# Data excerpts:
::::

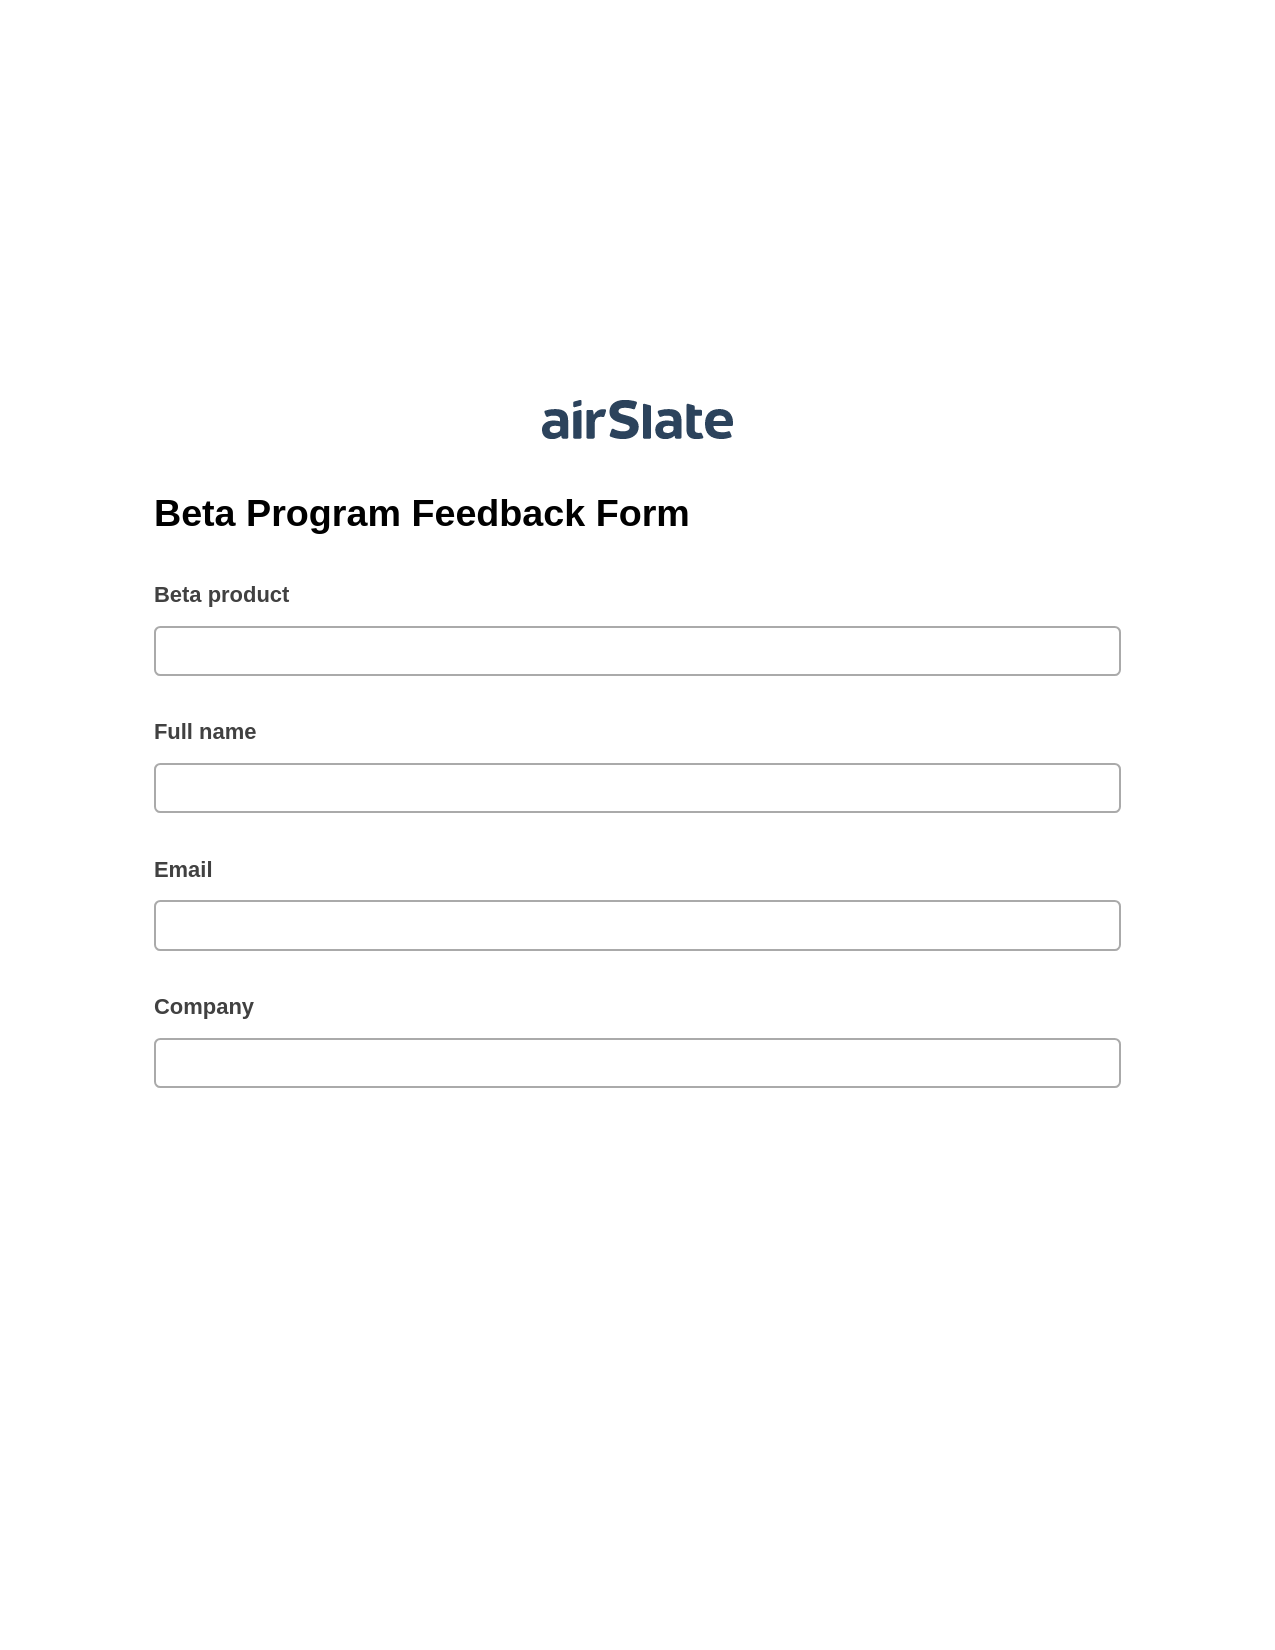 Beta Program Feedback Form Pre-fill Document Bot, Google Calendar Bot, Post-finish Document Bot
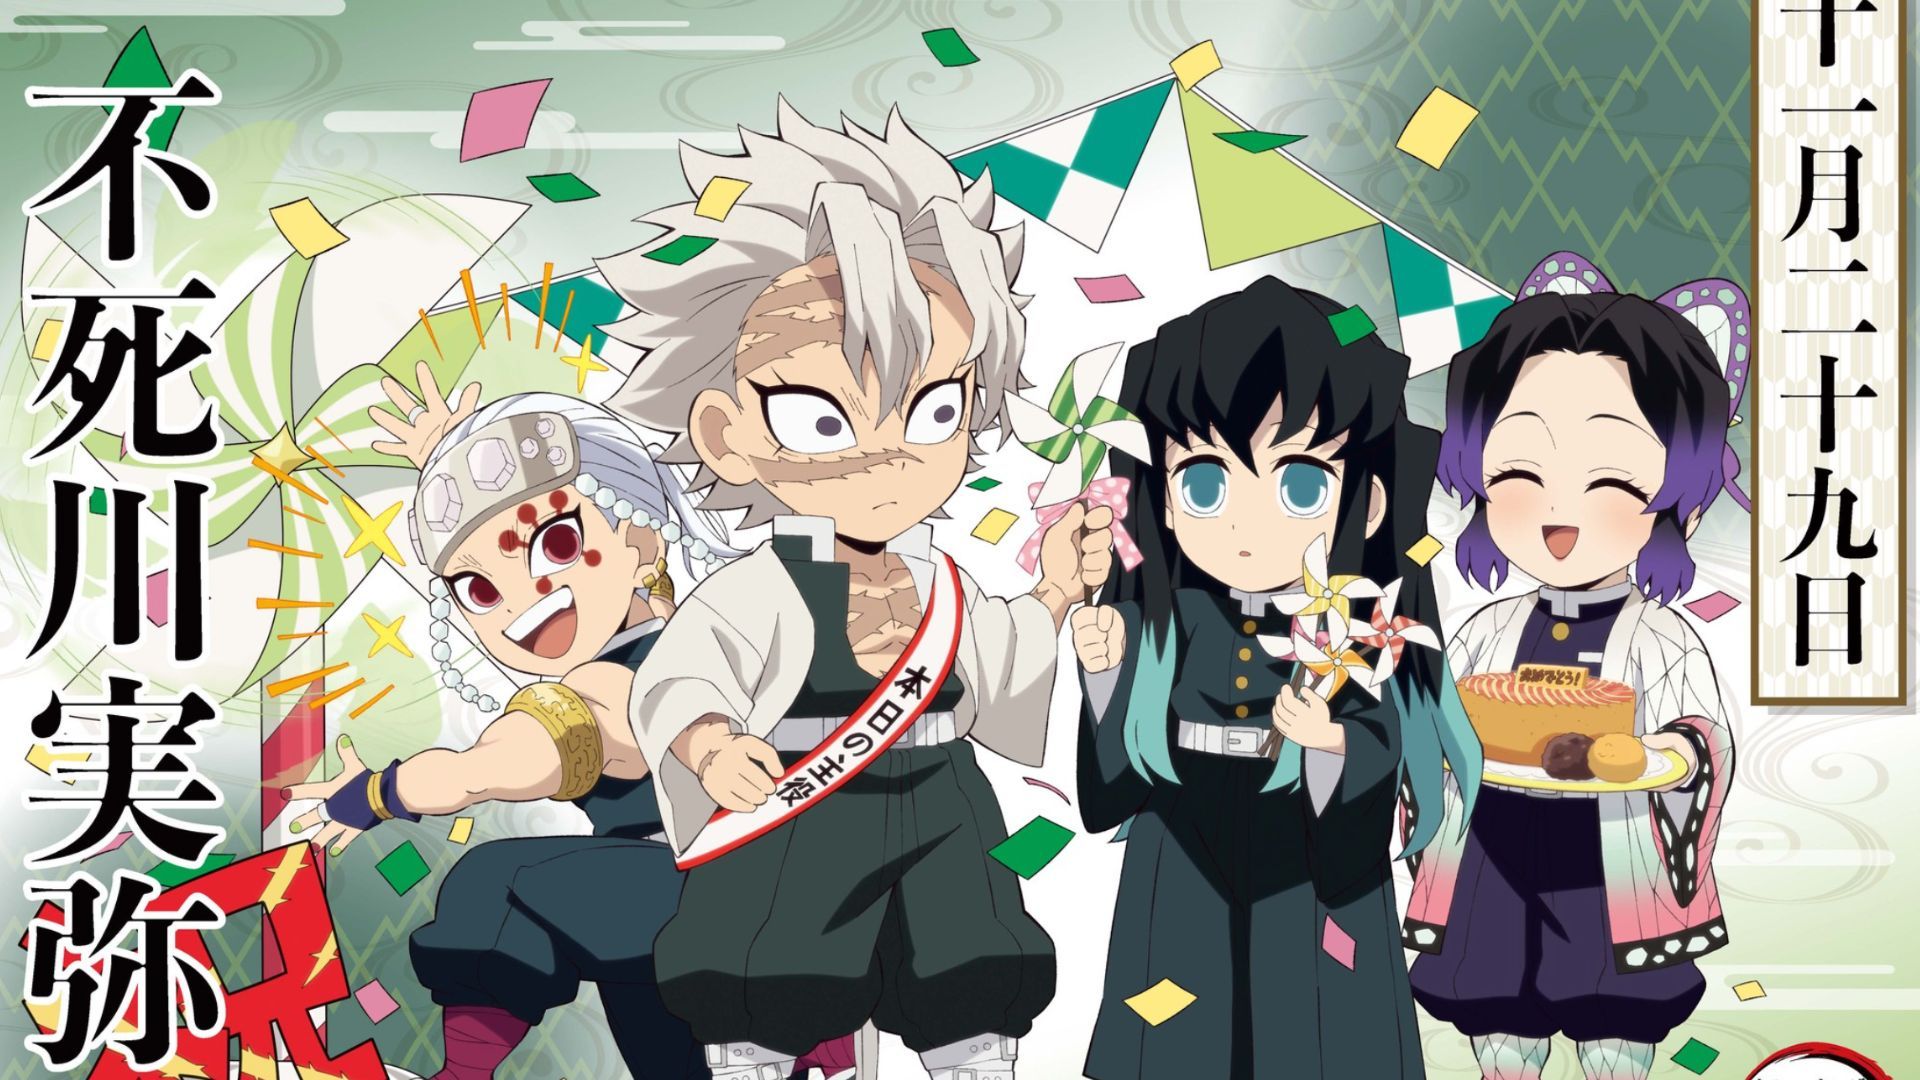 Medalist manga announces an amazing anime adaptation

::::

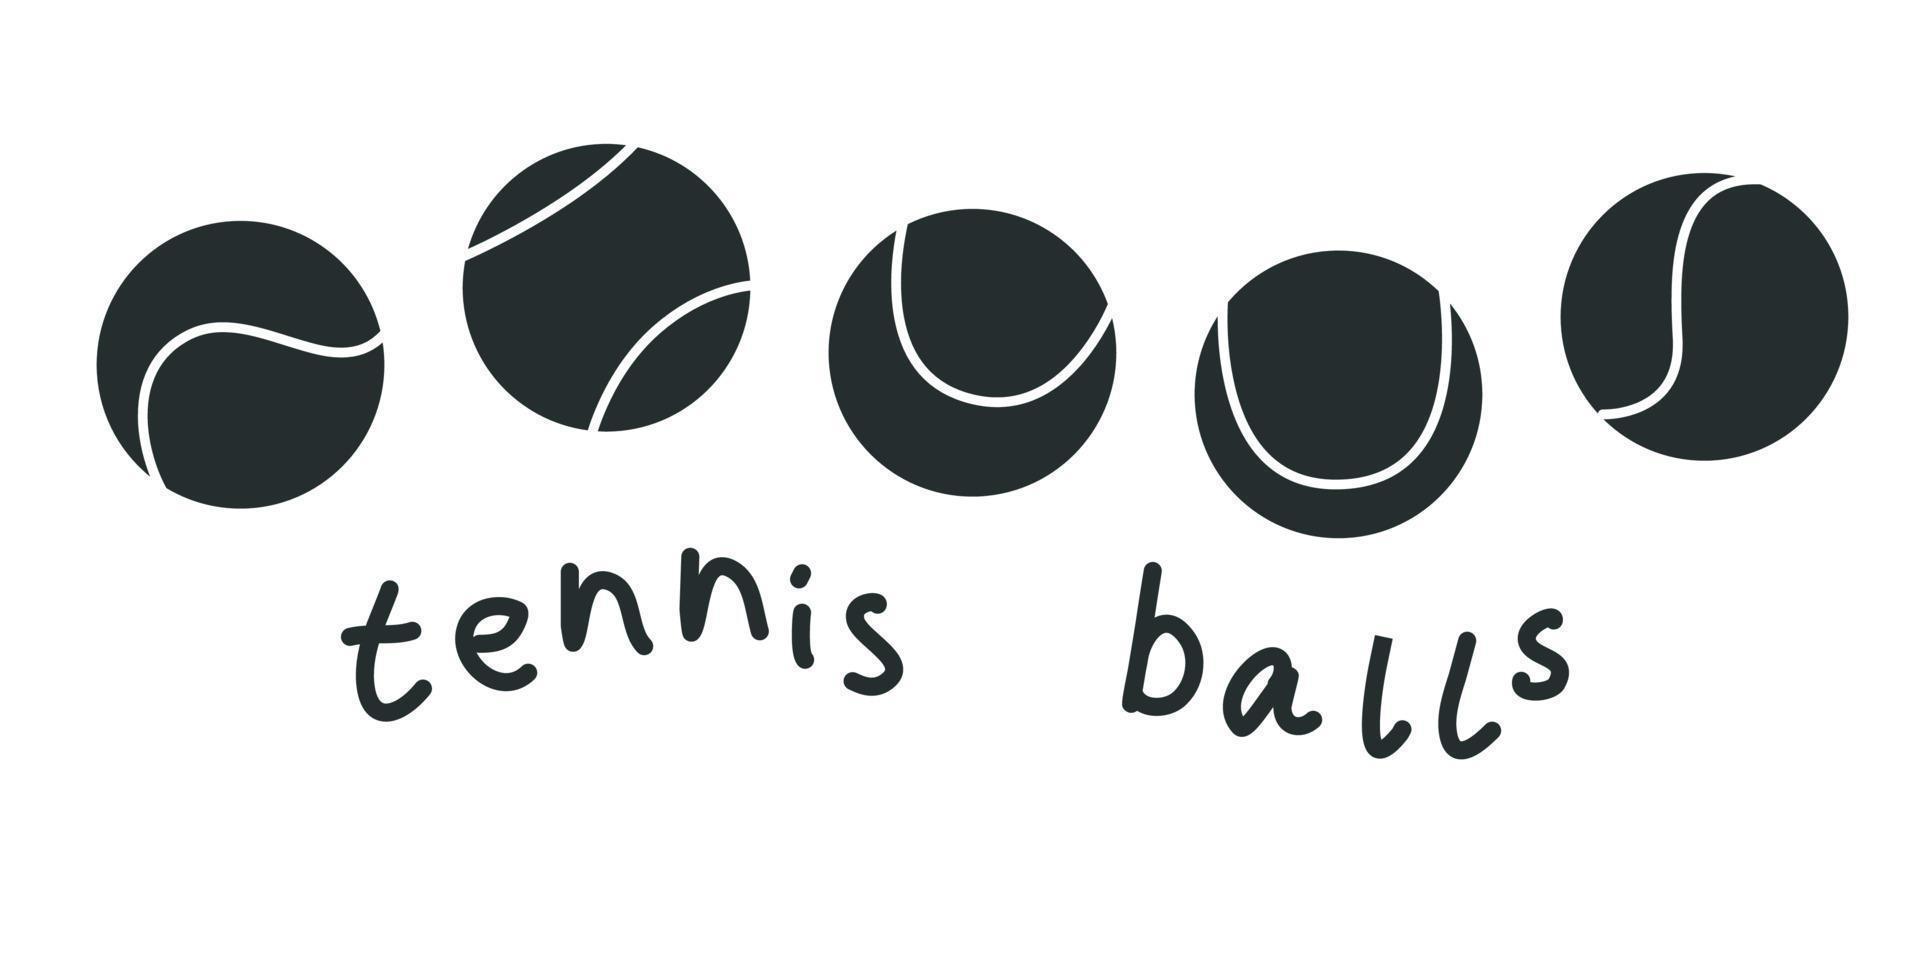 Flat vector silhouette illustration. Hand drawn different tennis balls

::::

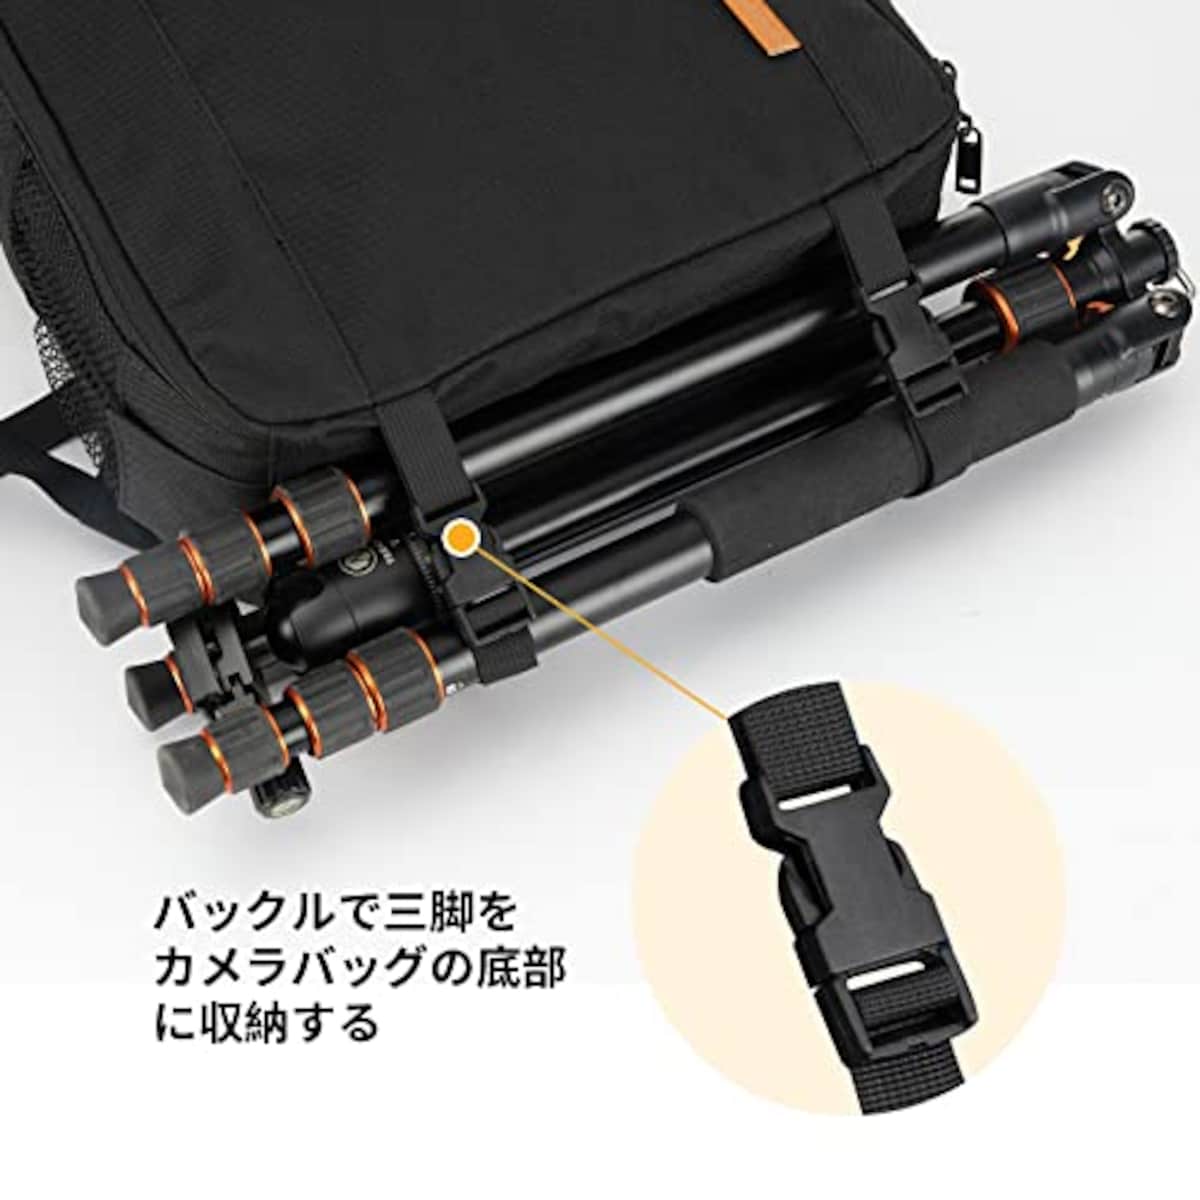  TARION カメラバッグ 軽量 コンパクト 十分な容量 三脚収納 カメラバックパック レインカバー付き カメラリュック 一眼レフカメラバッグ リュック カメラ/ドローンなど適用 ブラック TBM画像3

::::

# Work required:
In the records above, find the line with "Beta Program Feedback" and the line with "Medalist manga announces"; please transcribe exactly those two lines and all lines between them, omitting any picture.

# Finished task:
 Beta Program Feedback Form Pre-fill Document Bot, Google Calendar Bot, Post-finish Document Bot
 Medalist manga announces an amazing anime adaptation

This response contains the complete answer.